On February 20, 1996, Dr. Michael Theerman completed medical review of plaintiff's claim file. According to Dr. Theerman, plaintiff was precluded from working in a dusty, smokey or solventladen environment. Dr. Theerman concluded that plaintiff could not perform his occupation as Excello machine operator unless plaintiff was able to wear a respirator the entire day. Dr. Theerman also commented that if the job of tool and gauge inspector could be performed in a "clean room" and "not on the shop floor" then that job would not be precluded. On February 21, 1996, Mantolesky contacted Textron and spoke with Jodi Black, Human Resources Assistant, who verified that tool and gauge inspection was done in a separate and clean room without exposure to bronchial irritants.

On March 5, 1996, Paul Revere denied plaintiff's claim for long-term disability benefits, finding that plaintiff was not totally disabled under the terms of the policy. Specifically, benefits were denied because the medical evidence did not substantiate limitations that would preclude the plaintiff from performing the duties of his occupation if reasonable accommodations were made. Paul Revere concluded that plaintiff's use of a prescribed respirator would be a reasonable accommodation that would not preclude him from performing his occupation. Additionally, plaintiff could perform the reasonably related occupation of tool and gauge inspector without being exposed to coolant or cutting oil. Paul Revere informed plaintiff of his right to appeal its decision.
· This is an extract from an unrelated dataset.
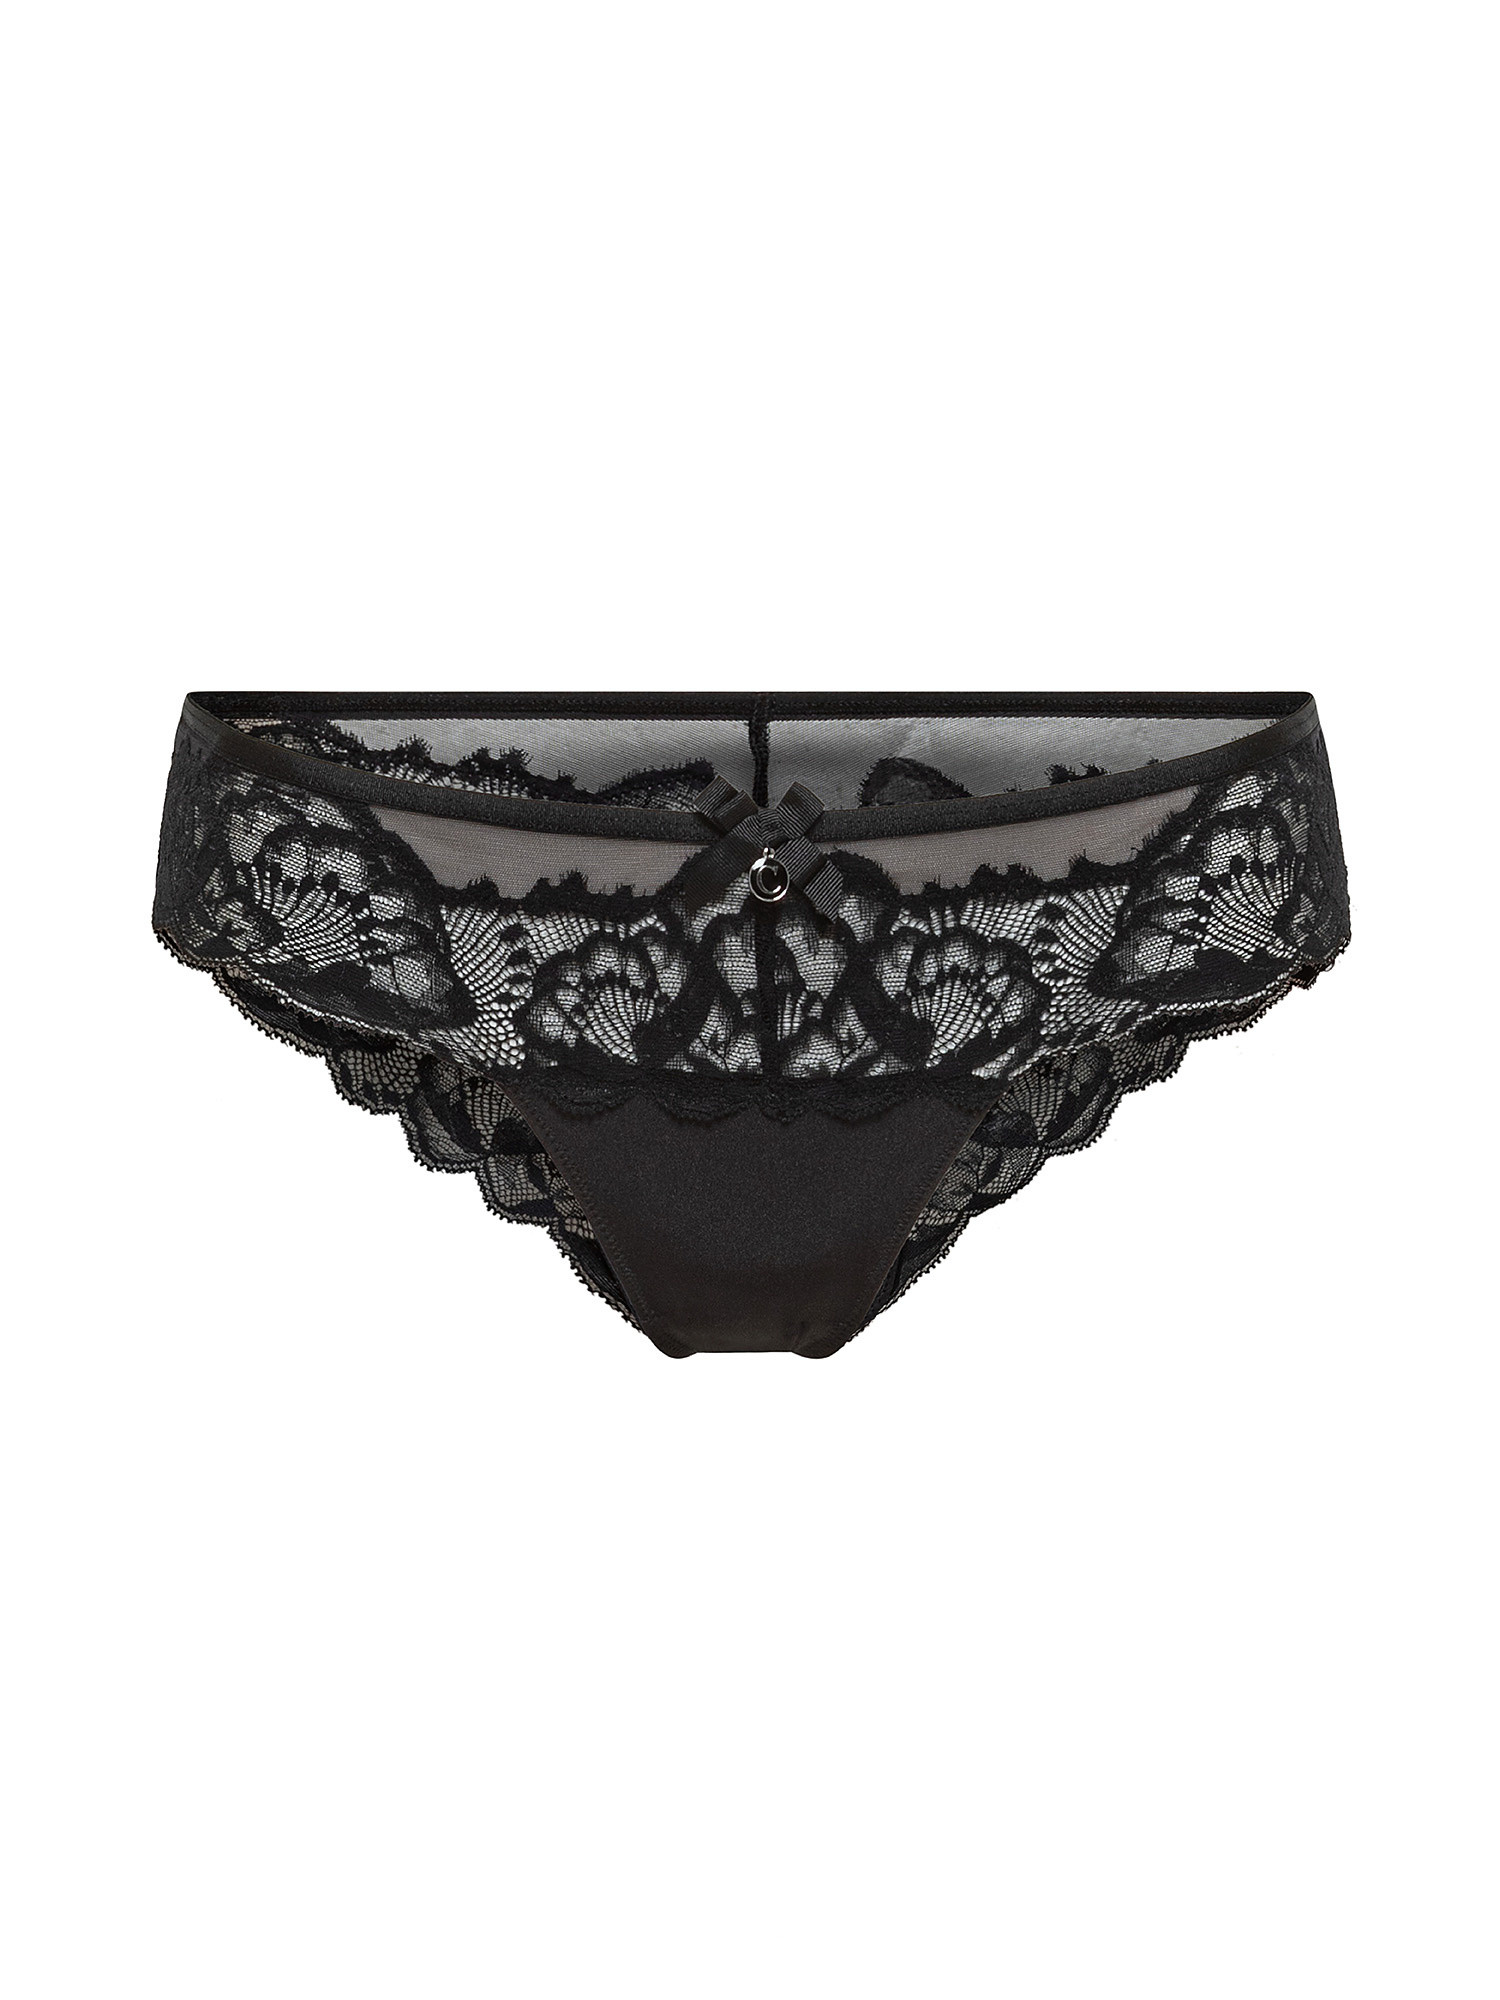 Thong with lace inserts, Black, large image number 0

Paul Revere received notice of plaintiff's appeal from a letter dated March 29, 1996. Included was a second claim form and an Attending Physicians' Statement of Disability from Dr. S. William Snover who diagnosed plaintiff as having "chronic, mechanical low back pain." Dr. Snover indicted that plaintiff was not totally disabled due to the above diagnosis. Also provided was a second statement from Dr. Snover diagnosing plaintiff with "repetitive motor disorder, carpal tunnel syndrome, right hand." Again, Dr. Snover indicated that plaintiff's carpal tunnel syndrome was not totally disabling. Additionally, plaintiff provided Paul Revere with a copy of a letter from Dr. Ekberg, dated March 25, 1996, in which Dr. Ekberg discussed the effectiveness of the respirator recommended by Paul Revere in its denial letter to plaintiff. Specifically, Dr. Ekberg stated that the ...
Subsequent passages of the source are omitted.